Внезапно, словно осознав, что сказала ей дочь, донья Брихида испуганно прижала руки ко рту.
– Боже мой, твой отец… твой брат… Где же они?
– Мама, не переживай за Марио, он поехал в Эль-Пардо, а беспорядки в центре.
В семействе Сифуэнтес помимо непосредственно супругов дона Эусебио и доньи Брихиды было еще пятеро детей: двадцатидвухлетний Марио, доучивавшийся на юридическом факультете Центрального университета Мадрида, двадцатилетняя бунтарка Тереса, восемнадцатилетние близнецы Карлос и Хуан, готовившиеся выпуститься из школы имени Сервантеса, чтобы впоследствии пойти по стопам отца и изучать медицину, и самая младшая из всех, пятнадцатилетняя Росарио, которую все звали Чарито. Дочка внешне походила на мать, была светлоглаза и светловолоса и крутила родителями, как ей вздумается. Отец, державший себя холодно и отстраненно со всеми членами семьи, не чаял в ней души с самого детства и вконец разбаловал, потакая всем ее капризам. Чарито целыми днями напролет торчала дома, критикуя всех подряд и цепляясь к братьям.
Донья Брихида Мартин Карамильо была единственной дочерью известного доктора Мартина, погибшего больше десяти лет назад в автокатастрофе. После его смерти управление обширным имуществом семьи перешло к супруге и оставалось в ее руках до самого конца. Осиротев, донья Брихида, будучи единственной наследницей, стала хозяйкой огромного состояния. Она никогда никому не говорила о своем возрасте, но ей было ближе к пятидесяти, чем к сорока. С тех пор как дети подросли, дом напоминал пансион, куда кто-то все время приходит и откуда кто-то все время уходит и каждый делает все, что ему заблагорассудится. Право решающего голоса принадлежало дону Эусебио, который, впрочем, использовал его только в крайних случаях, предпочитая винить супругу во всех неудобствах, связанных с повседневным бытом. Она же срывала свою досаду на двух единственных женщинах, полностью зависевших от нее: кухарке Петрите и служанке Хоакине. И только нужда заставляла их сносить, ворча сквозь зубы, заносчивое и деспотичное поведение хозяйки.

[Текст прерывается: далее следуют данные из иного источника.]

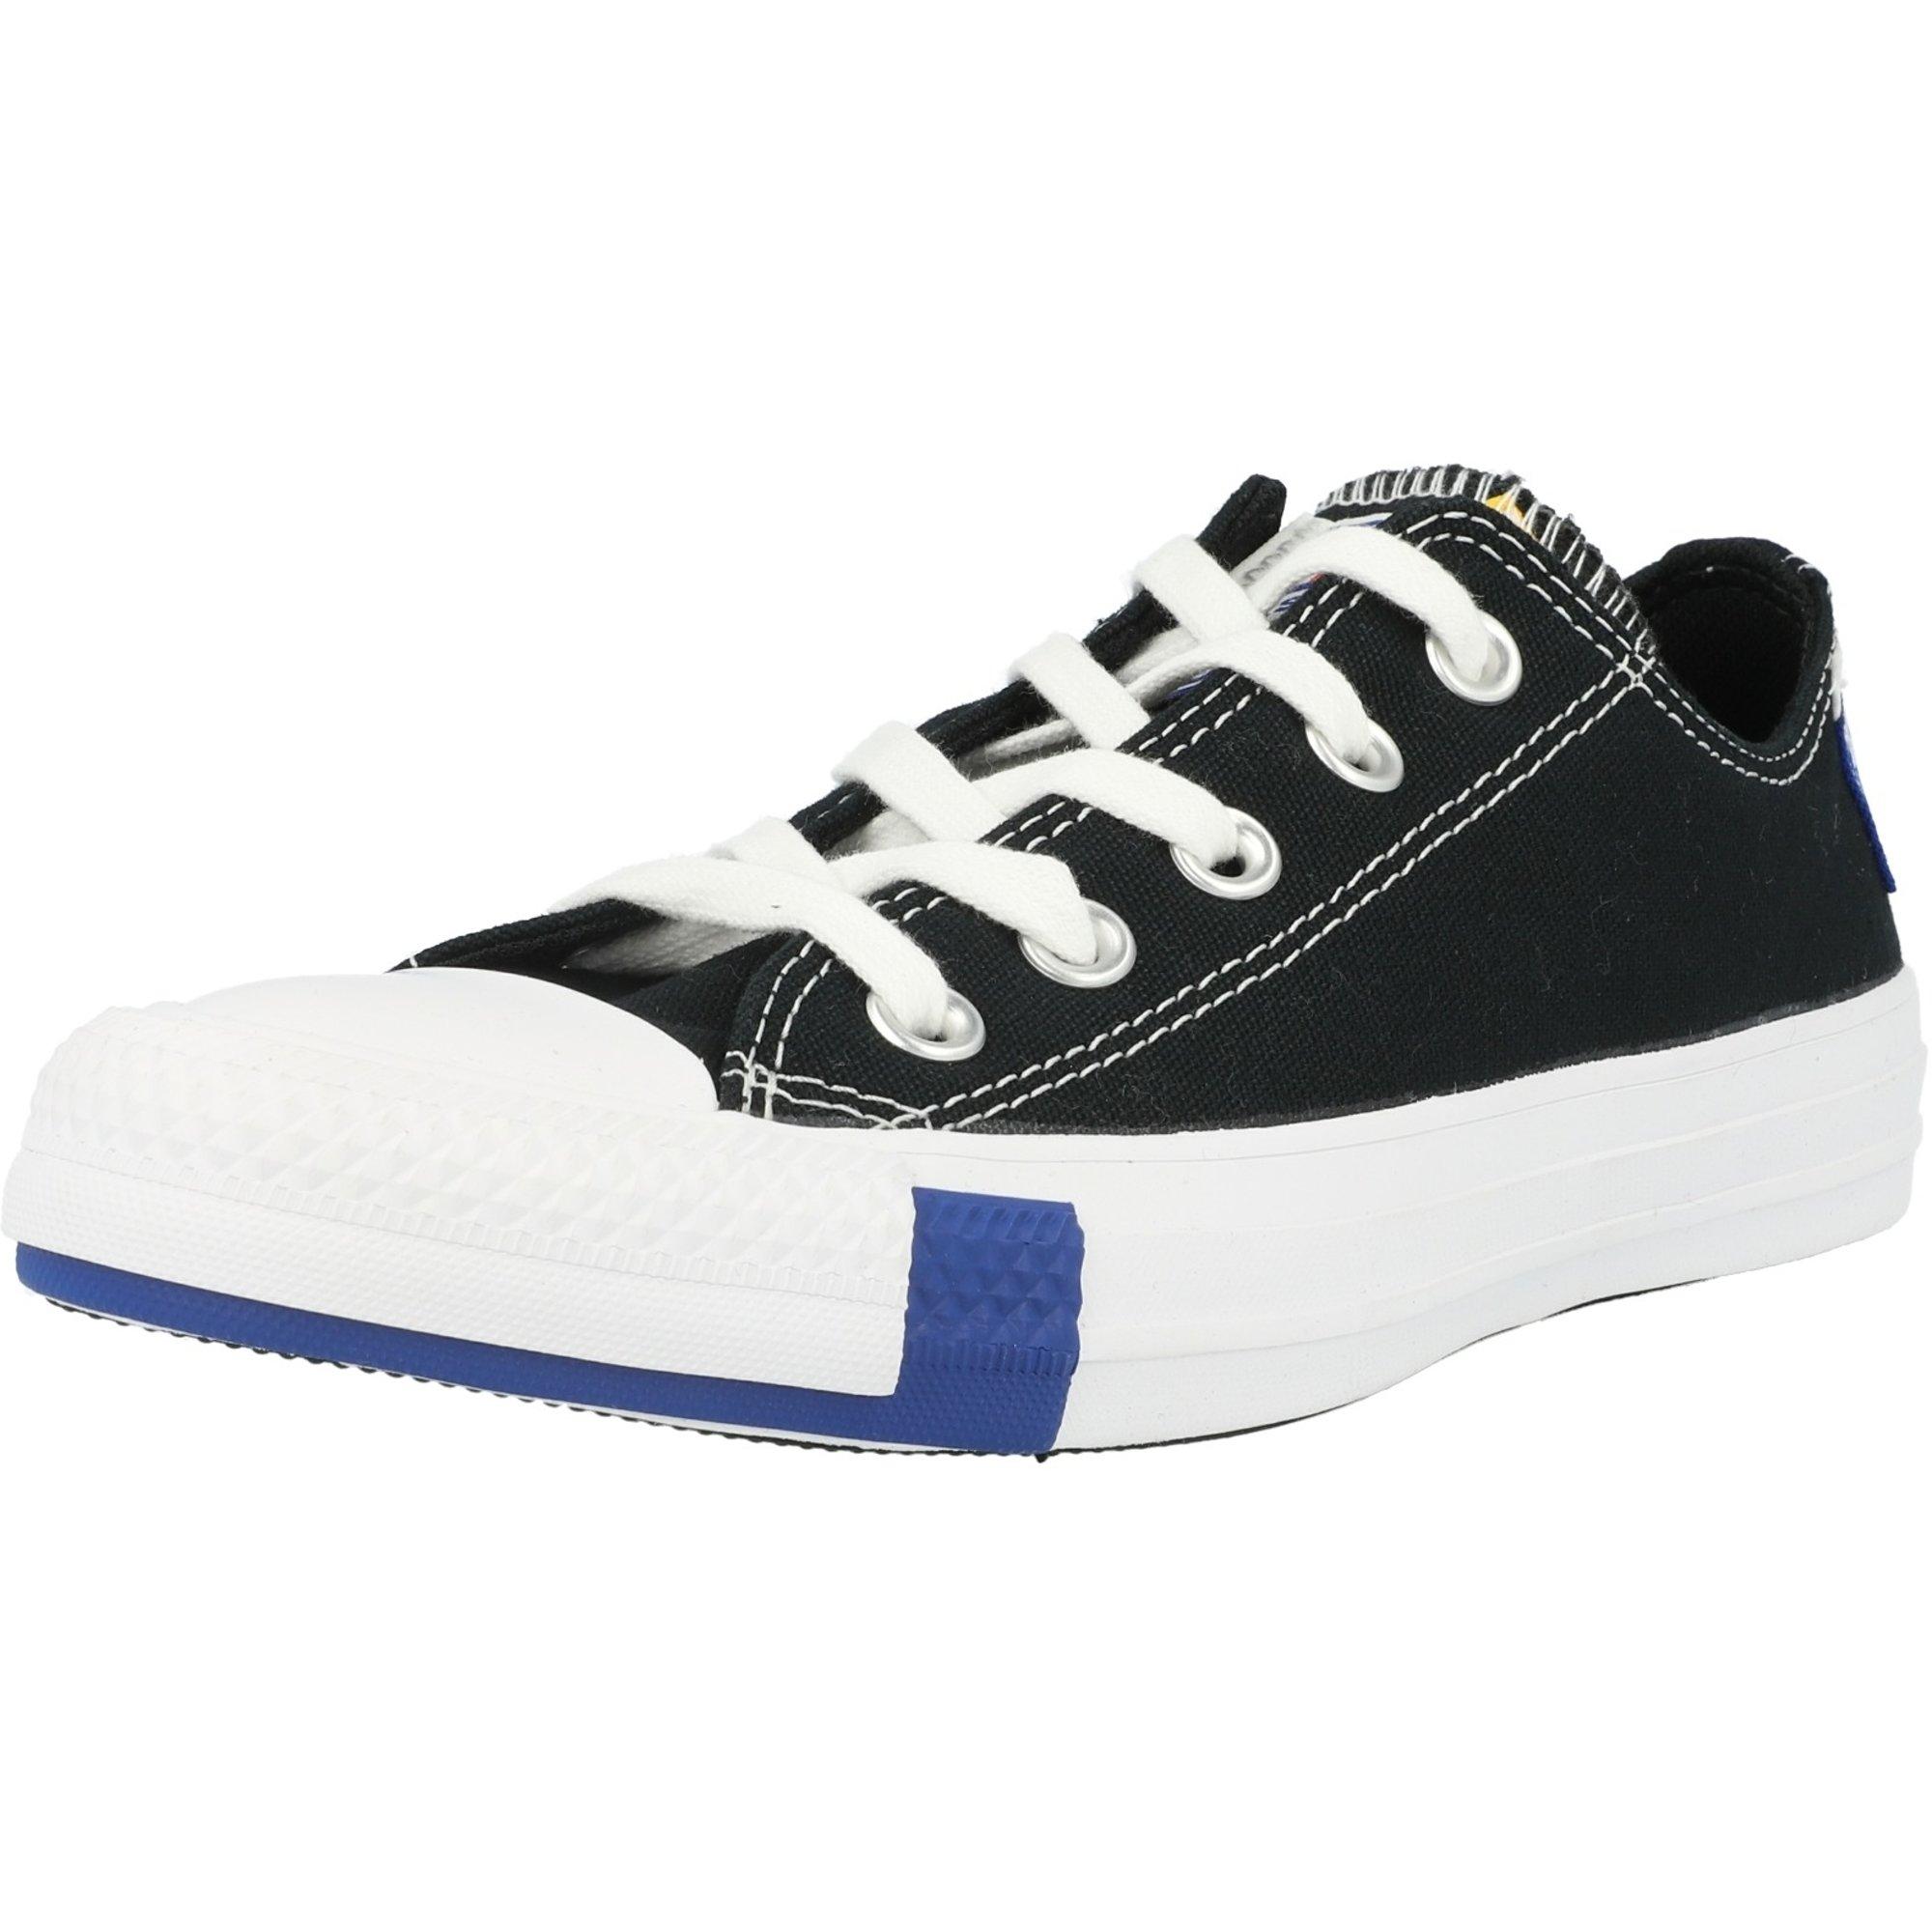 Converse Chuck Taylor All Star Ox Logo Play Black/Rush Blue Canvas

Семья жила на широкую ногу за счет хорошего жалования дона Эусебио, работавшего акушером в больнице Принсеса, сдачи в аренду нескольких квартир и мансард в центре города и процентов по банковским счетам. Квартира в доме под номером 25 на улице Хенераль-Мартинес-Кампос, в которой жила семья, когда-то принадлежала родителям доньи Брихиды. Места в квартире было много, но перегруженность неуместным декором делала ее темной и мрачной. Вдоль широкого коридора выстроились семь просторных спален, гостиная, кабинет-библиотека, огромная кухня и крошечная каморка, в которой спали Петра и Хоакина. Кроме того, в доме были один туалет, совмещенный с ванной, и два отдельных туалета. Очень высокие потолки были украшены сложной лепниной, вдоль стен стояли дорогие и вместе с тем бесполезные безделушки и роскошная мебель.
Каждый год семья переезжала на лето в Сантандер, увозя с собой служанку и кухарку. Август Сифуэнтесы проводили в доме, некогда принадлежавшем, как и все их имущество, родителям доньи Брихиды. В то лето 1936 года они планировали уехать 25 июля: дон Эусебио смог сдвинуть свой отпуск на неделю. Донья Брихида уже начала готовить все к переезду, но в это воскресенье ее маленький мирок вдруг зашатался и наполнился пугающей неопределенностью.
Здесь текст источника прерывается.